Un-subscribing to "Overcoming Bias". What drove me over the edge was Robin Hanson's agreeing with the "Darwinism"-Nazi link pushed by "Expelled: No Ferris Bueller Allowed", starring Ben Stein. But it was a gradual slide down in quality, and a greater realization what a tiny contribution "Overcoming Bias" was going to have in fulfilling my personal goals and aspirations. What is "Overcoming Bias"? I cannot see it as more than Libertarians and Trans-humanists joining together to help each other in the "Art of Controversy". The point is: we don't want Rationality, we want Human Effectiveness. If there was some way to achieve your highest held goals, requiring you to dispense with all Rationality, dispense with Rationality you should. Imagine a malicious God, omniscient and omnipotent, causing you to stub your toe, or suffer other indignities, every time you attempted a Rational analysis. All evidence suggests that Rationality is a large component of Human Effectiveness. But it is not the whole thing. Like the parable of the two frogs in a bucket of cream. Both are swimming furiously to keep atop and keep from drowning. The first frog surveys the situation, realizes that his swimming will give out eventually, realizes that drowning is inevitable, and gives up and sinks to the bottom to die. The second frog, an irrational optimist, keeps swimming furiously, keeps swimming, keeps, swimming, the cream turns to butter, and the frog is able to hop on top, and hop out of the bucket. Which frog was Rational? Which frog was Effective? You can conflate the two (if it makes you happy to do so), but the distinction remains in reality. OK, we have Human Effectiveness and Rationality. Rationality is a large component of Human Effectiveness. What are the failure modes of Rationality, as practiced by humans or groups of humans? Well, there are a lot. Consider the list of logical fallacies. Consider the examples in the book Predictably Irrational. Consider Robert Cialdini's study of human influence, beneficial and malevolent. Each failure mode has the potential to deprive you of successfully achieving your goals and aspirations.

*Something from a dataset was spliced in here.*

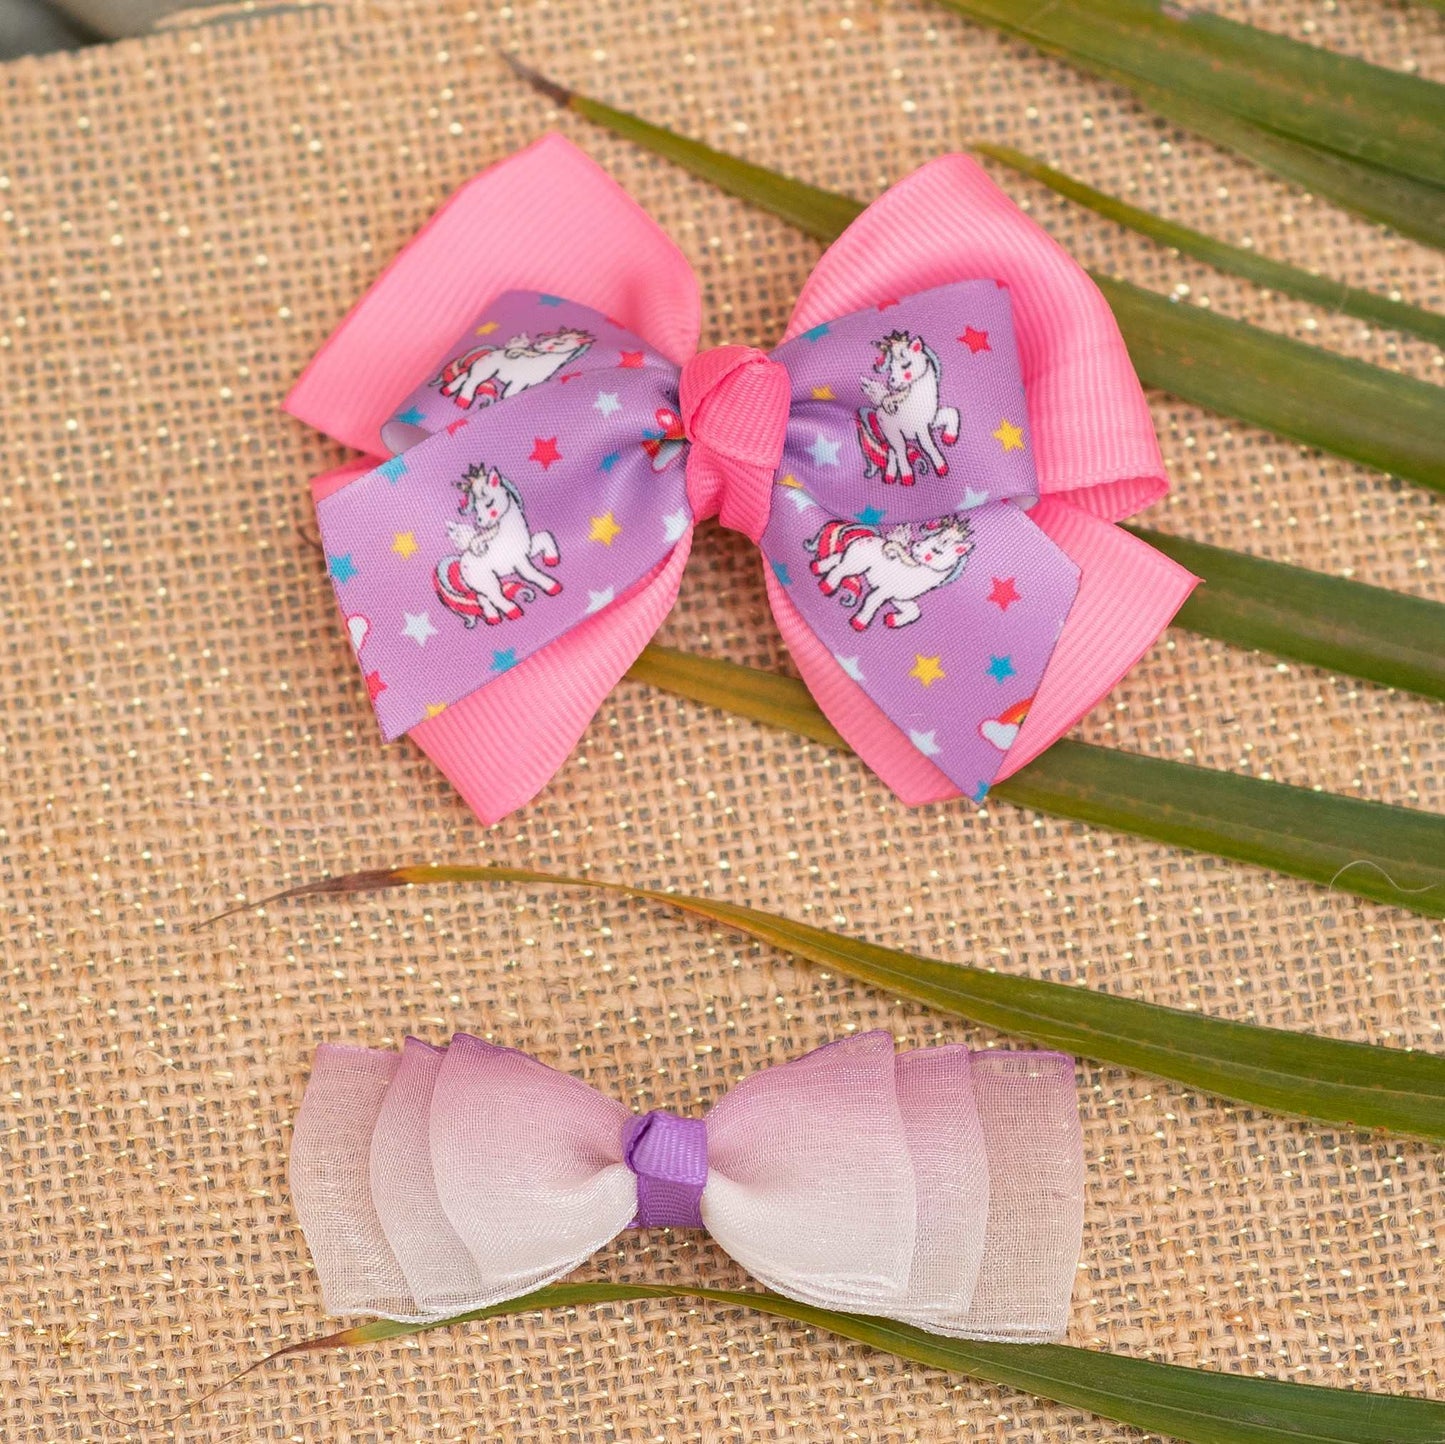 Combo: Cute shaded loopy bow  and unicorn printed bow on alligator - Purple, Pink and White  (2 single bow 2 quantity)

FallacyImage via Wikipedia

So, I don't see the point of studying "bias" outside of the context of:
  • a human identifying what they believe to be their highest goals and aspirations
  • a human having to accomplish this goals and aspirations with limited resources; the most important of which are time, energy, attention, focus.

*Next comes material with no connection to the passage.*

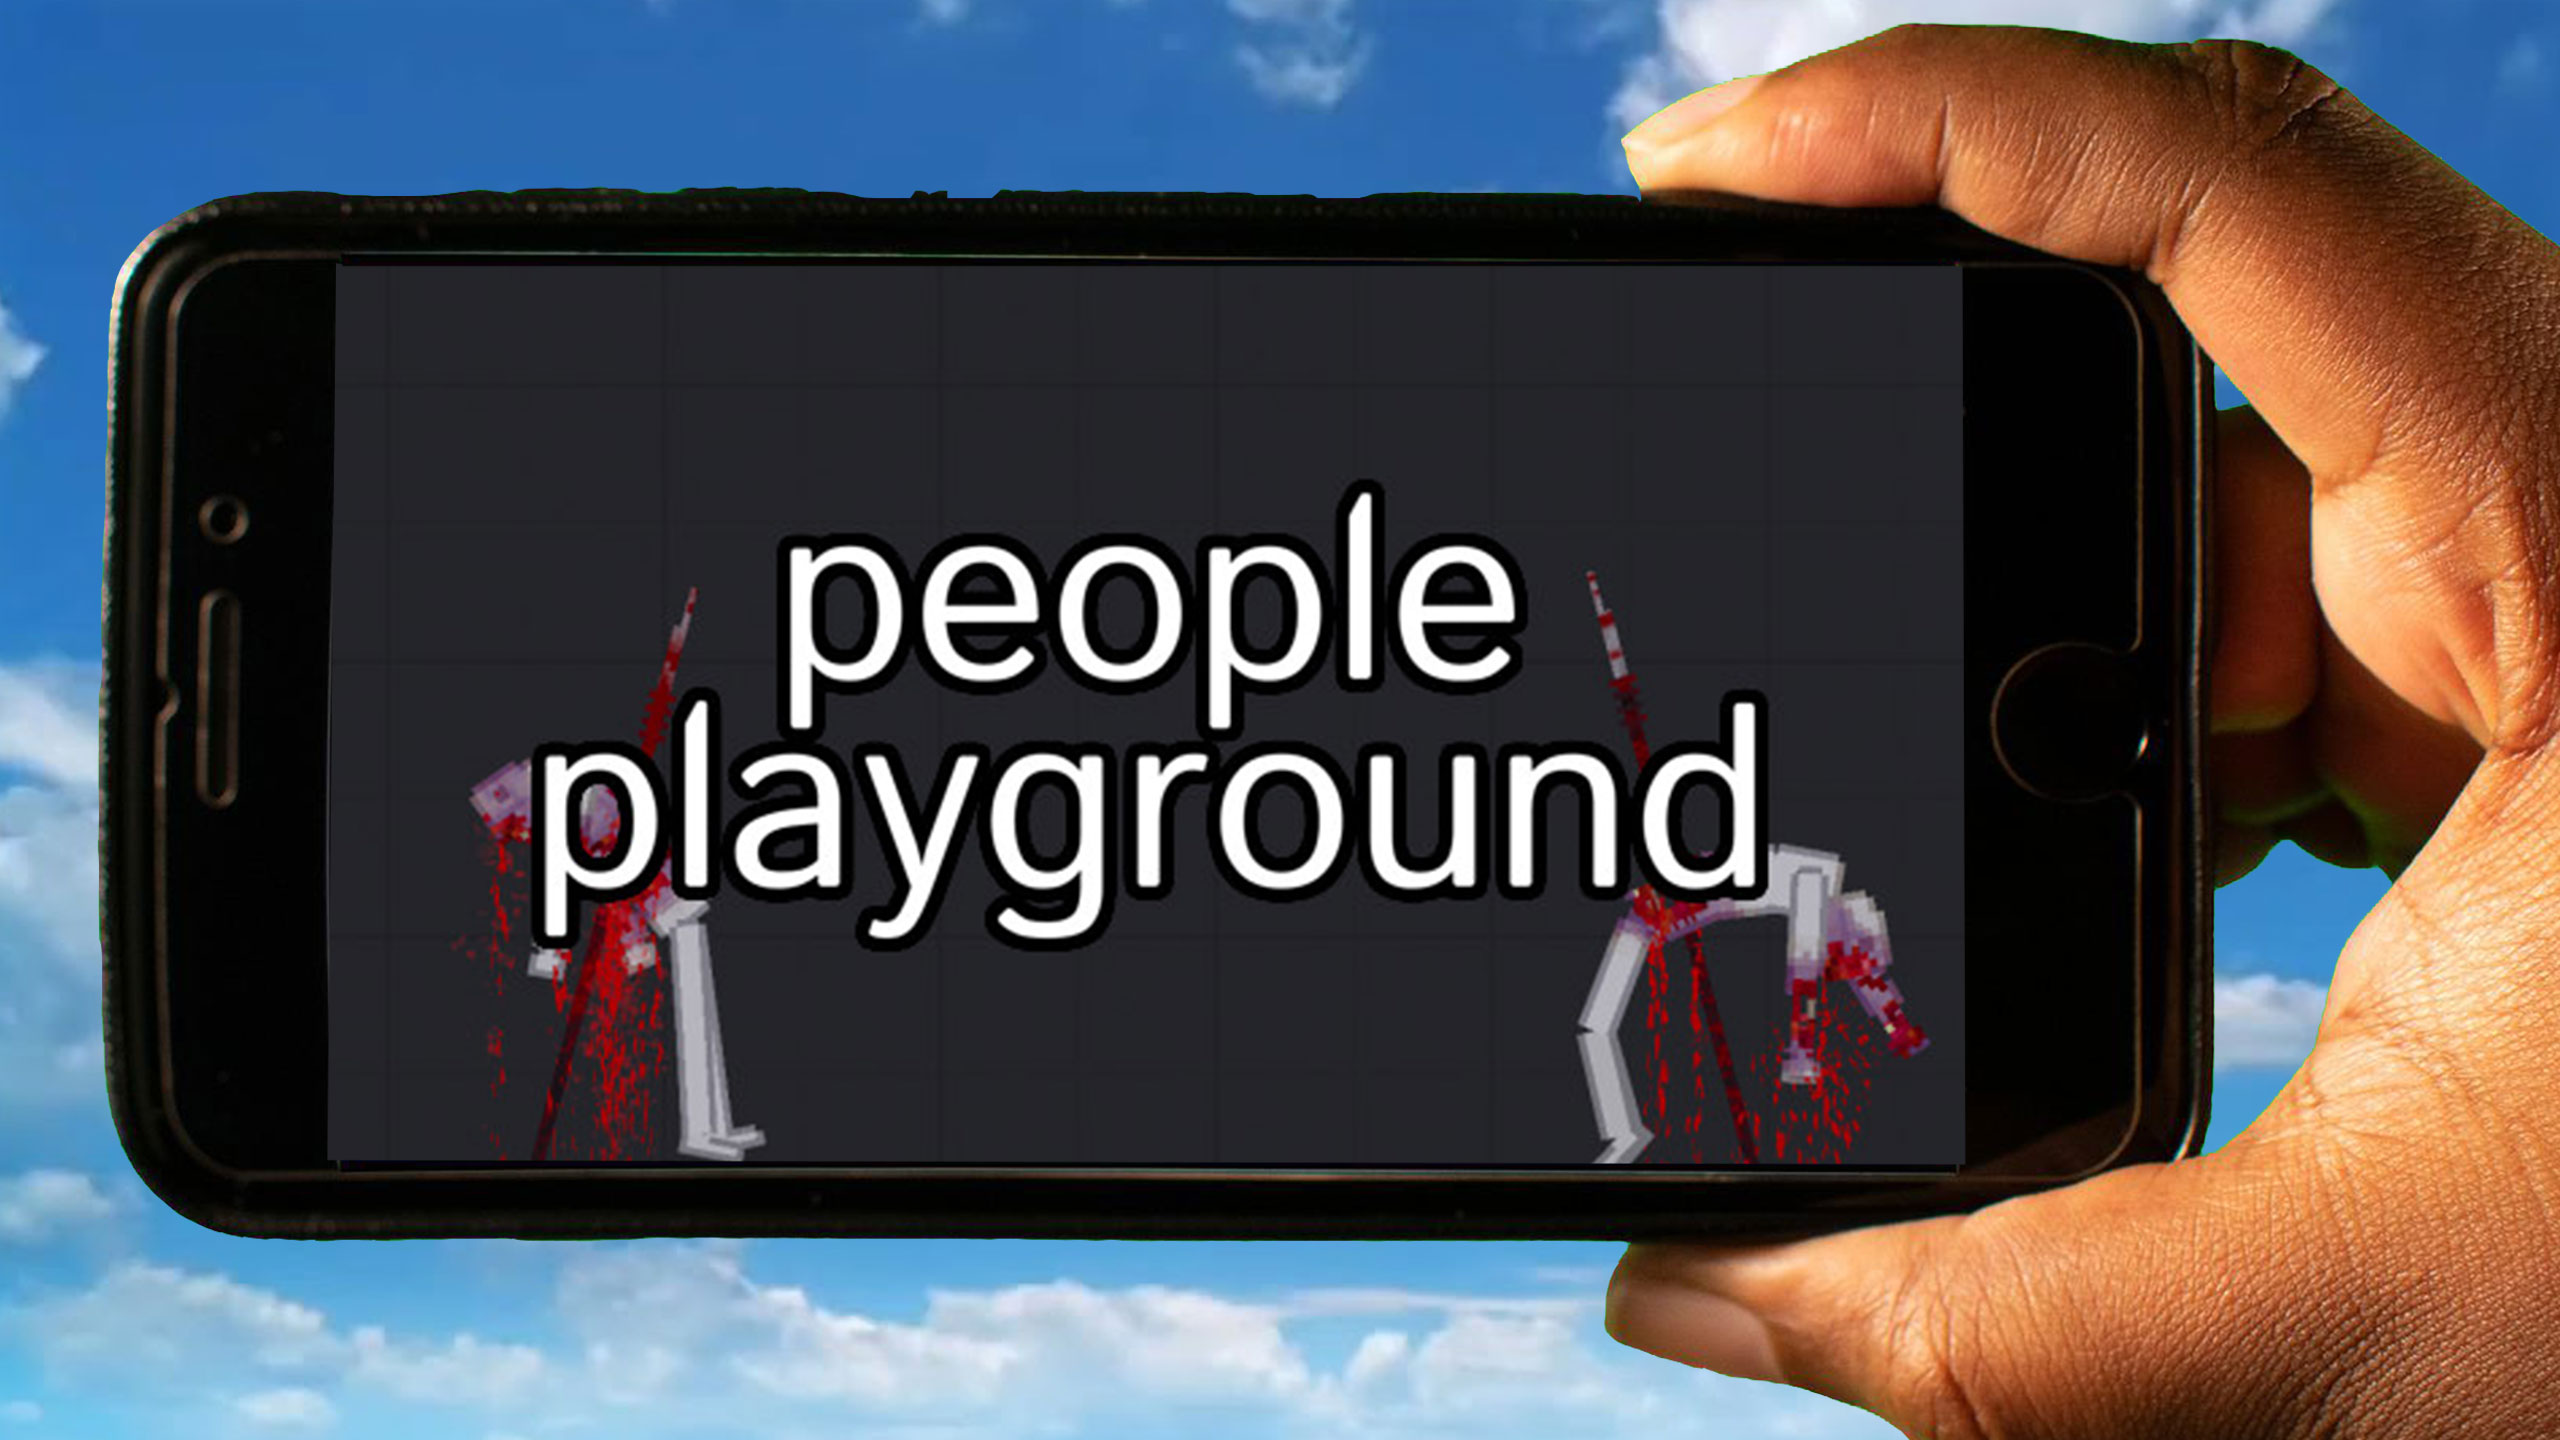 About: people playground mobile tips (Google Play version)

  • with goals and aspirations identified, and limited resources acknowledged, the human can now proceed acting like a stakeholder: observation of situation; leading to analysis; leading to identifying choices; leading to decision; leading to action; leading to evaluating effectiveness; leading back to observation.
  • critical analysis of the soundness and ranking of the goals and aspirations identified earlier. Were some chosen simply from social pressure? Are some simply impossible? Are some harmful?
  • We expect goals and aspirations to augmented, to be tossed out, to be raised or lowered in relative importance.
Without this context, judging the value of anything claiming to be "Rationality" is pointless. Is it a tool for helping human achieve goals and aspirations? Does it work? And this is where "Overcoming Bias" leaves me cold. There is absolutely no interest in integrating these tools of rationality into a framework of human achievement of goals and aspirations. But the tools of the art of controversy are constantly leaped to, when there is a chance of harming the relative standing of Libertarianism or Trans-Humanism in the world of ideas and notoriety. It happens too often for an observer to miss it. So, I gain little for the cost of my limited attention.